Mr. Newman says there are four things that will plague America and that may be our undoing. He says, in America:
--We don't like to work anymore.
--Nobody wants to sacrifice anymore.
--We're uninformed in America.
--We're a self absorbed, entitlement attitude "iCulture."
We may be chastened by the recession, but Americans still believe they deserve the best of everything—the best job, the best healthcare, the best education for our kids. And we want it at a discount --or better yet, free-- which brings us back to the usual disconnect between what we want and what we're willing to pay for.
What a horrible malediction that is. Depressing, isn't it? True? Is Newman onto something here?
I don't suppose he expects this to happen overnight; it will take a few years yet, but are America's best days behind her? Have we grown, as he suggests in those four observations, lazy, uncompetitive, uninformed and self-absorbed?
Or is he wide of the mark?
Or as Dr. Franklin observed about General Washington's chair, is the sun setting on America, or rising? Why or why not?
Are the Good Times Really Over? - Merle Haggard
Comments
Are America's best days behind her?
Not necessarily. But if we continue down this socialist path then a big YES!

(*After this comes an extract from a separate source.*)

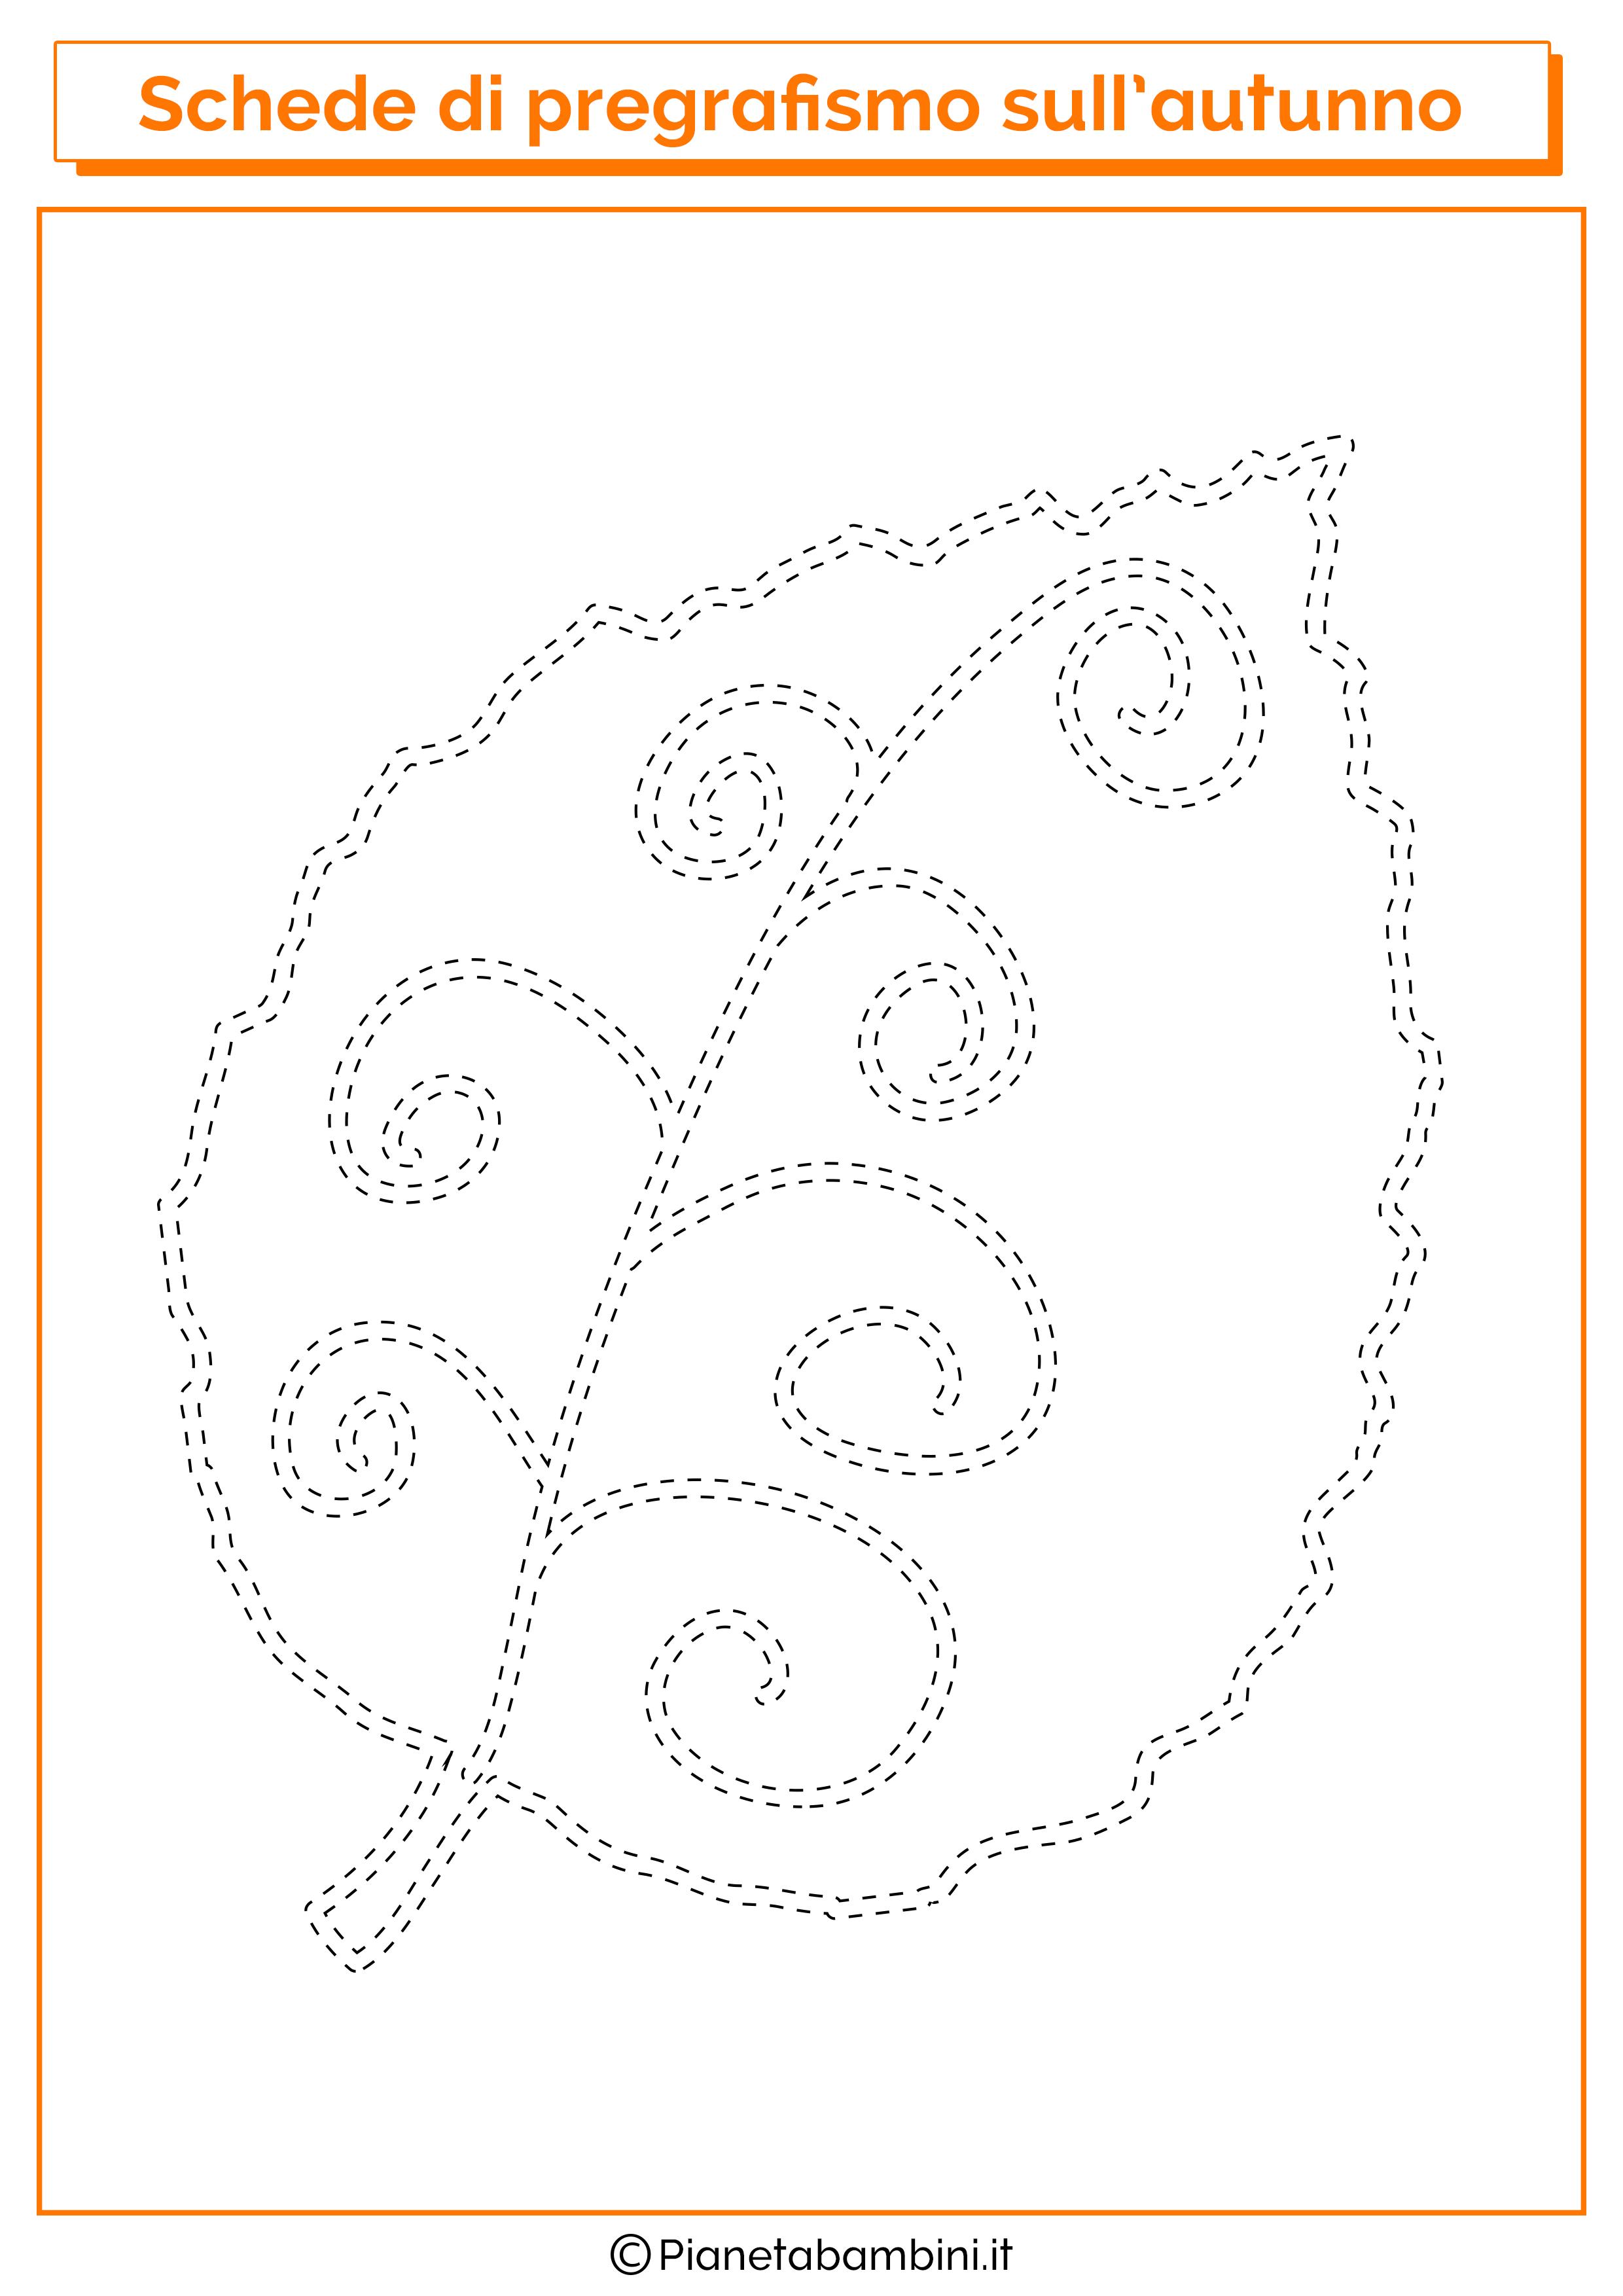 Scheda pregrafismo autunno foglia 1

We get the type of government we deserve. Obviously, when we have a majority of people with their hands out going to the polls to elect socialists and Marxists our best days may be begind us. Our type of government can now best be described as an Idiocracy. The inmates are running the asylum...and we've handed them the keys.
Oh, yeah, the good old days when there were no sidewalks or sanitation, where everyone had guns and there were few laws.
We are at our best right now and get better every day.
Socialists and Marxists? Keep up those dumb comments while calling yourselves conservatives and you'll marginalize the GOP even more than it already is.
I agree with Kevin.
Seems to me there are better ways to answer a question like this than by tossing around insults. The many changes occurring in the world present difficult challenges for this country no matter who is in office. We won't be any better equipped to deal with them by dividing ourselves with dumbass partisan sniping.
With the kind of way that obama is leading us, it looks like communism almost to me. A quote that i think he might be saying right now is "We'll just raise the debt ceiling a bit more....they won't notice" YEAH RIGHT!!!!!!!!!